I have a dataset with a few numierical and a few categorical features. After calling fit on the XGBRegressor, I want to check the feature importance. Fo this, I want to map the feature importance scores to the feature names the regressor is used in a scikit learn pipeline.
categorical_encoder = Pipeline(
steps=[("encoder", OneHotEncoder(handle_unknown="ignore"))]
)
encoder = ColumnTransformer(
transformers=[
("categories", categorical_encoder, ["cat_feature1", "cat_feature2", "cat_feature3"])
],
remainder="passthrough"
)
pipeline = Pipeline([
("encoder", encoder),
("regressor", XGBRegressor())
])
pipeline['regressor'].get_booster().get_fscore()
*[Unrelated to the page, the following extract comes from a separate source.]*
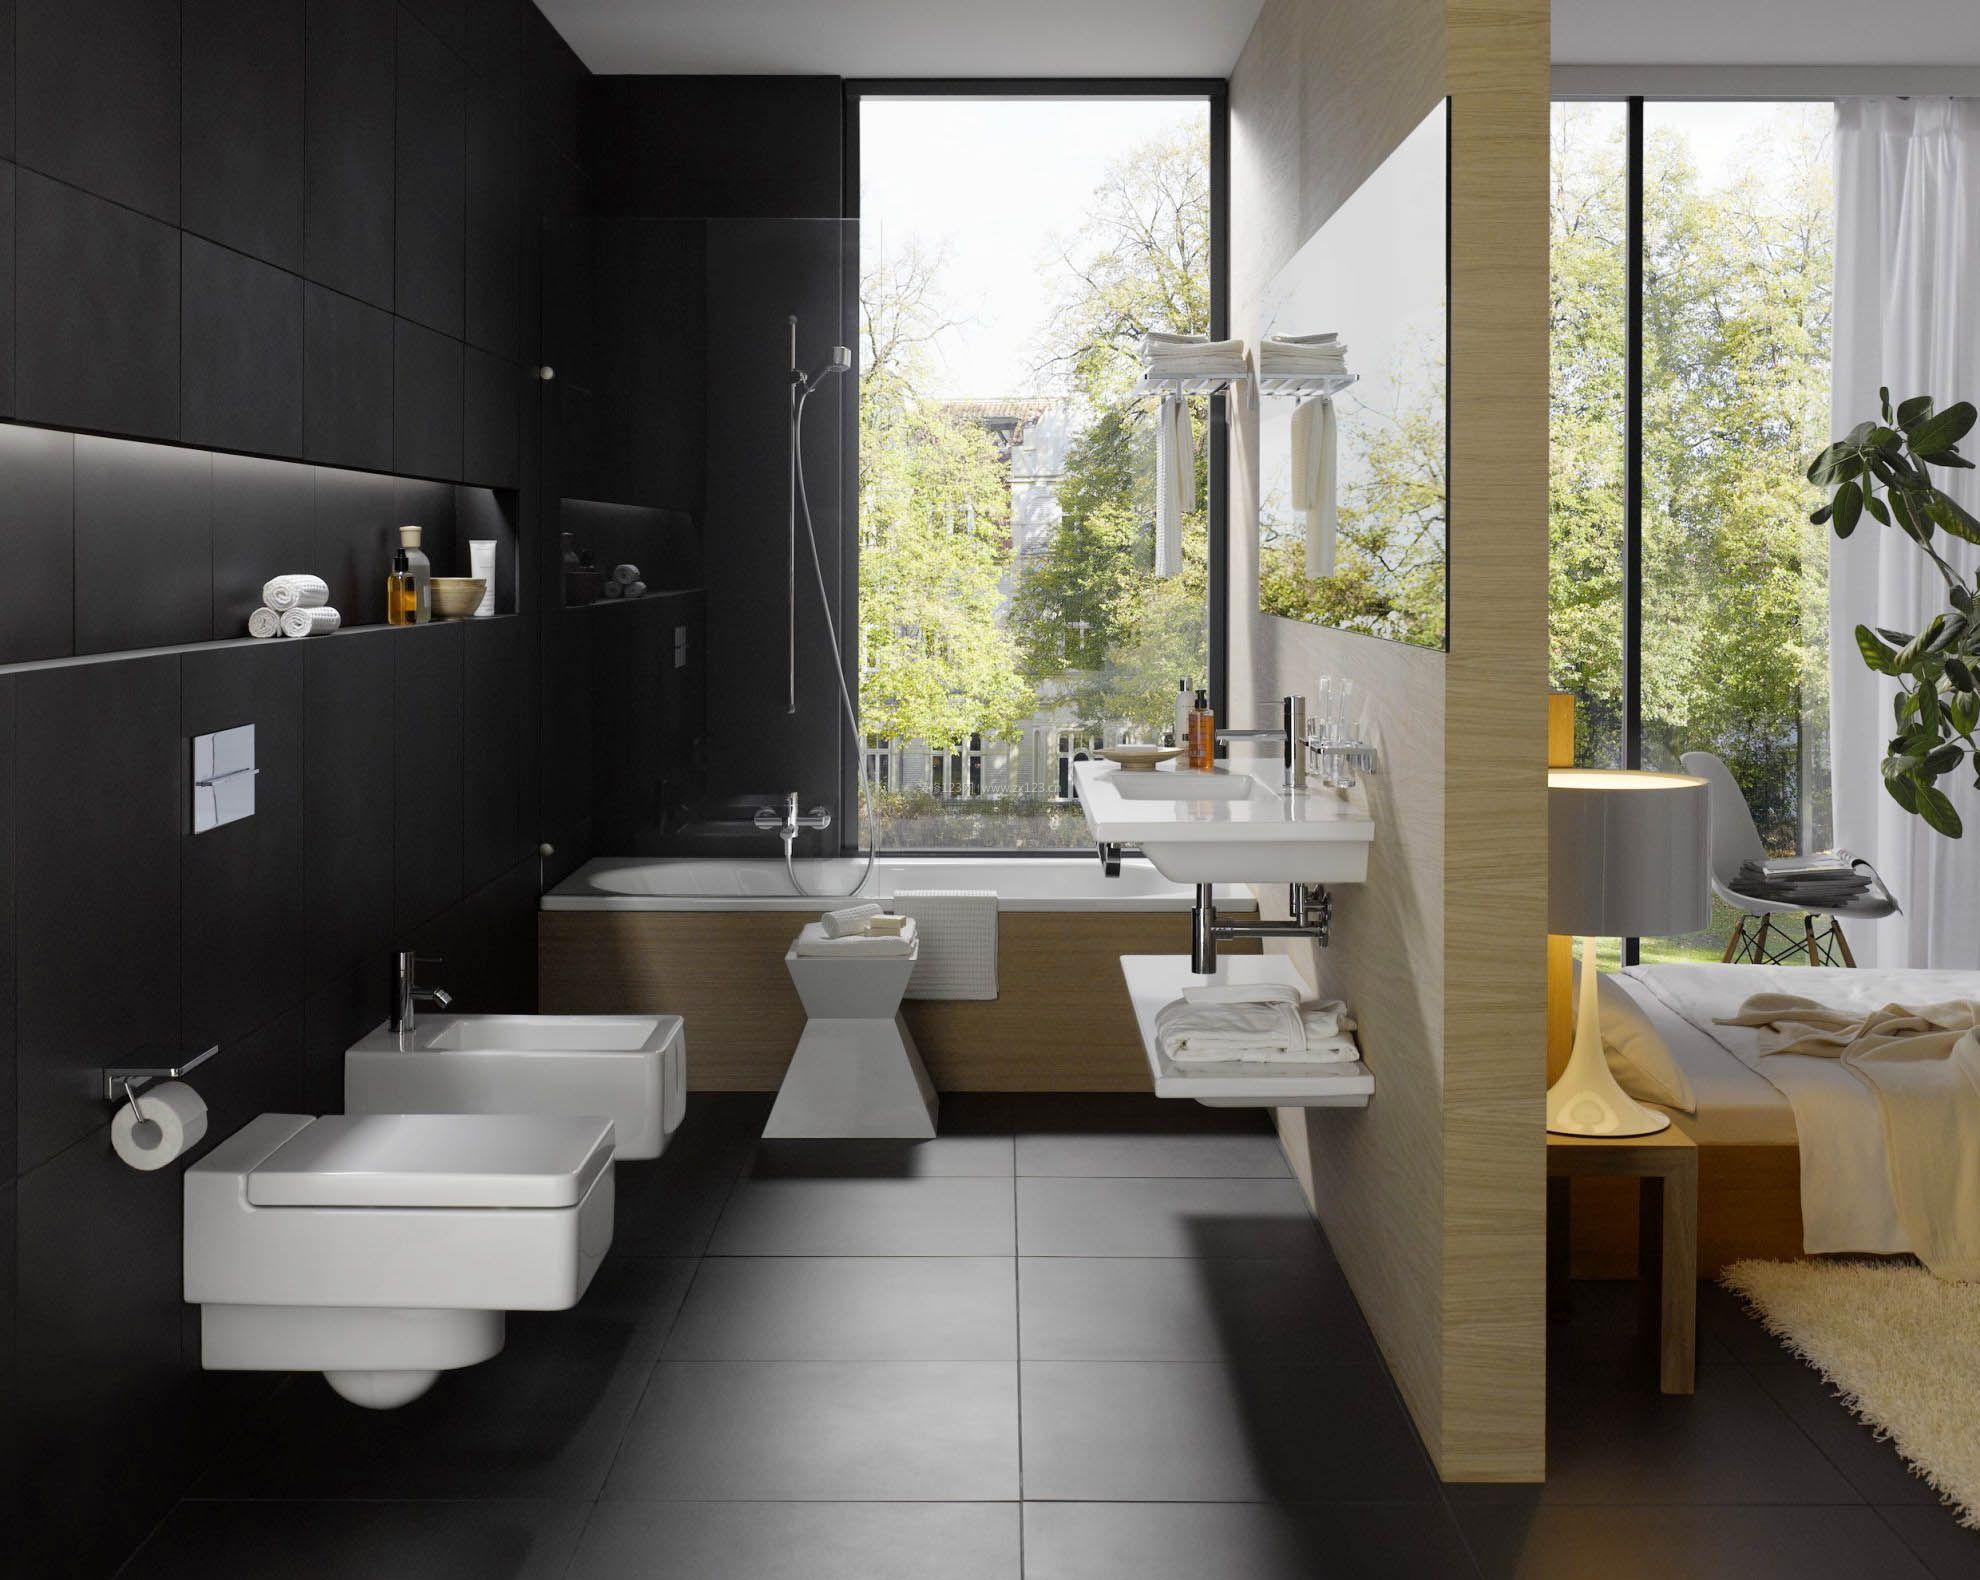 客栈卫生间设计图展示图片

returns a dictionary with feature names f0
, f2
, f7
, ...
pipeline['encoder'].named_transformers_['categories']['encoder'].get_feature_names_out()
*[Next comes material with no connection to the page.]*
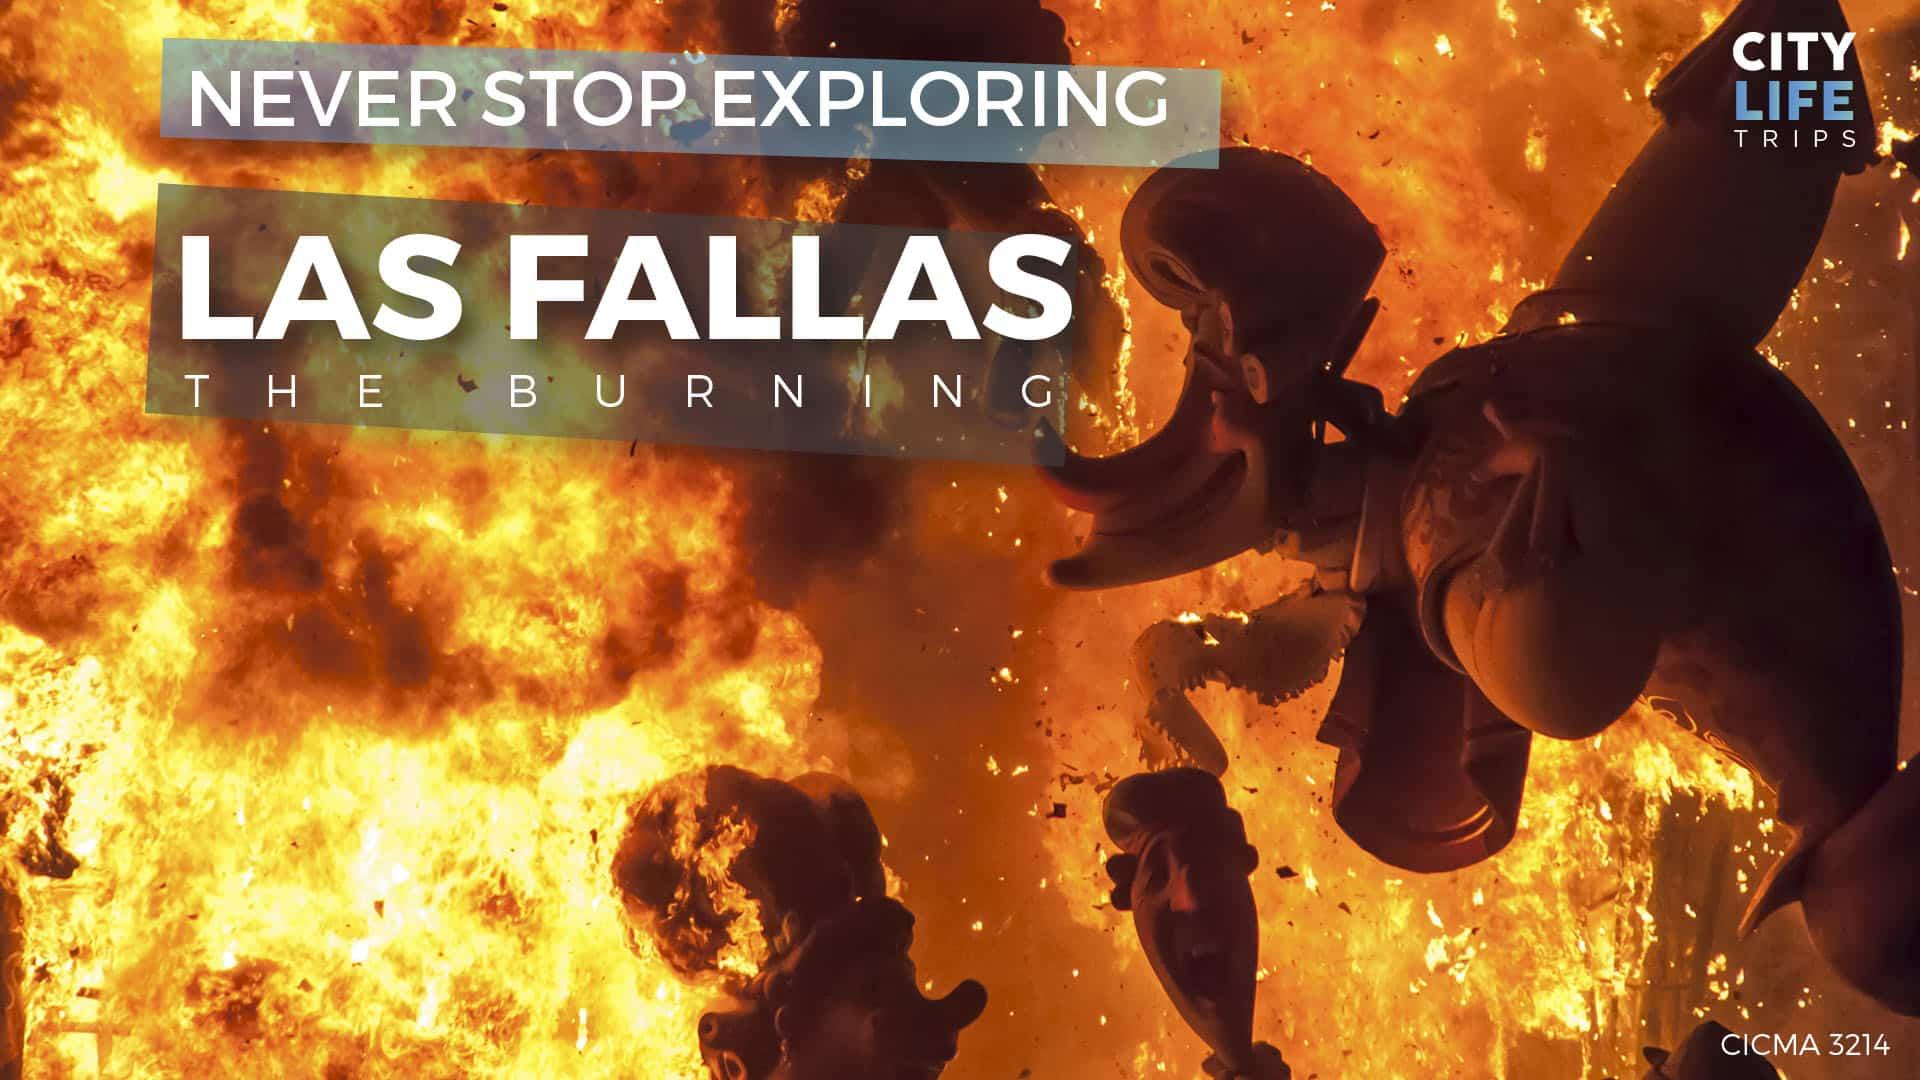 Las Fallas #2 – La Cremá (The Burning)

returns the feature names of the one hot encoded categorical variables.
Can I somehow get the full feature list whcih has been created in the pipeline and map it to the feature importance scores? I could not really figure it out by myself.
All the composition objects (Pipeline
and ColumnTransformer
) support get_feature_names_out
too, so
pipeline['encoder'].get_feature_names_out()`
should work fine. More generally, when you have a pipeline whose last step is a model, slicing works well:
pipeline[:-1].get_feature_names_out()